The presence of closed but not merged pull requests (e.g., PRs #165 and #208) suggests that while contributors are eager to enhance features such as VRAM optimization and batch processing capabilities, there may be challenges in integrating these changes into the existing codebase. The feedback from maintainers like zR highlights a collaborative environment where contributors are encouraged to refine their submissions based on project needs.
Moreover, recent updates focusing on GPU memory optimizations (e.g., PR #206) align well with user feedback regarding performance improvements. This responsiveness is critical in maintaining community trust and engagement. The project’s ability to adapt quickly to user needs—such as reducing VRAM requirements—demonstrates a clear understanding of its target audience's constraints.

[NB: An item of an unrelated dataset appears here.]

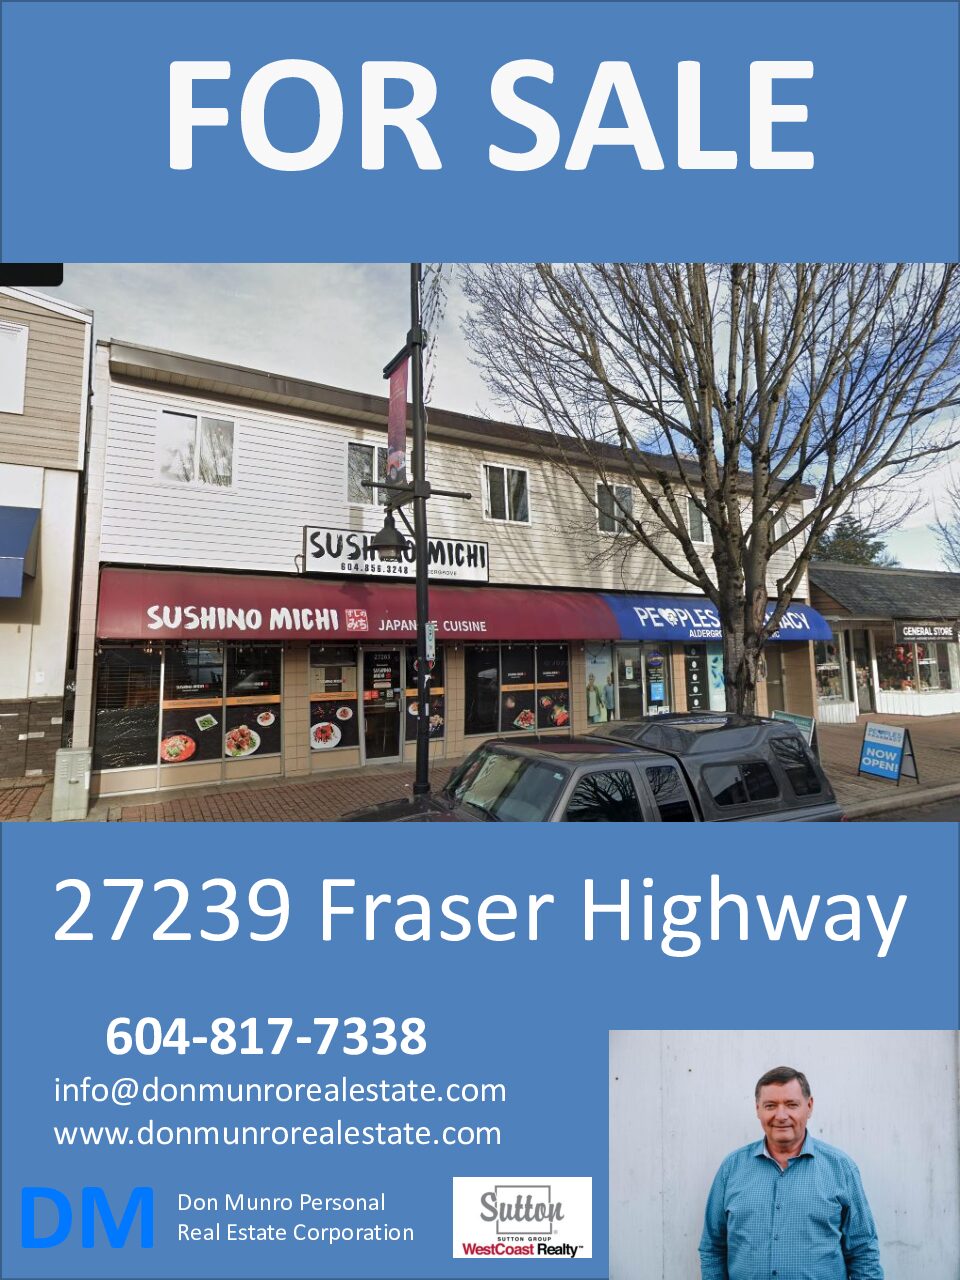 27263 Fraser Highway Sales Package

In summary, the analysis reveals a vibrant development environment characterized by active contributions aimed at enhancing both functionality and usability. However, challenges remain regarding feature integration that may require additional collaboration between contributors and maintainers. Continued focus on documentation quality and responsiveness to user feedback will be essential as the project evolves further.
zR (zRzRzRzRzRzRzR)
ArtificialZeng (Dr. Artificial曾小健)
bertjiazheng
tunglinwood
huangshiyu13
HaiyiMei
cli_vae_demo.py
.cly2625
data_video.py
.tengjiayan20
eltociear
yzy-thu
wenyihong
yvrjsharma
learningpro
The development team is actively engaged in enhancing the CogVideo and CogVideoX projects through continuous contributions that include both new features and critical bug fixes. The collaborative environment fosters community involvement while maintaining a focus on improving user accessibility and performance optimization.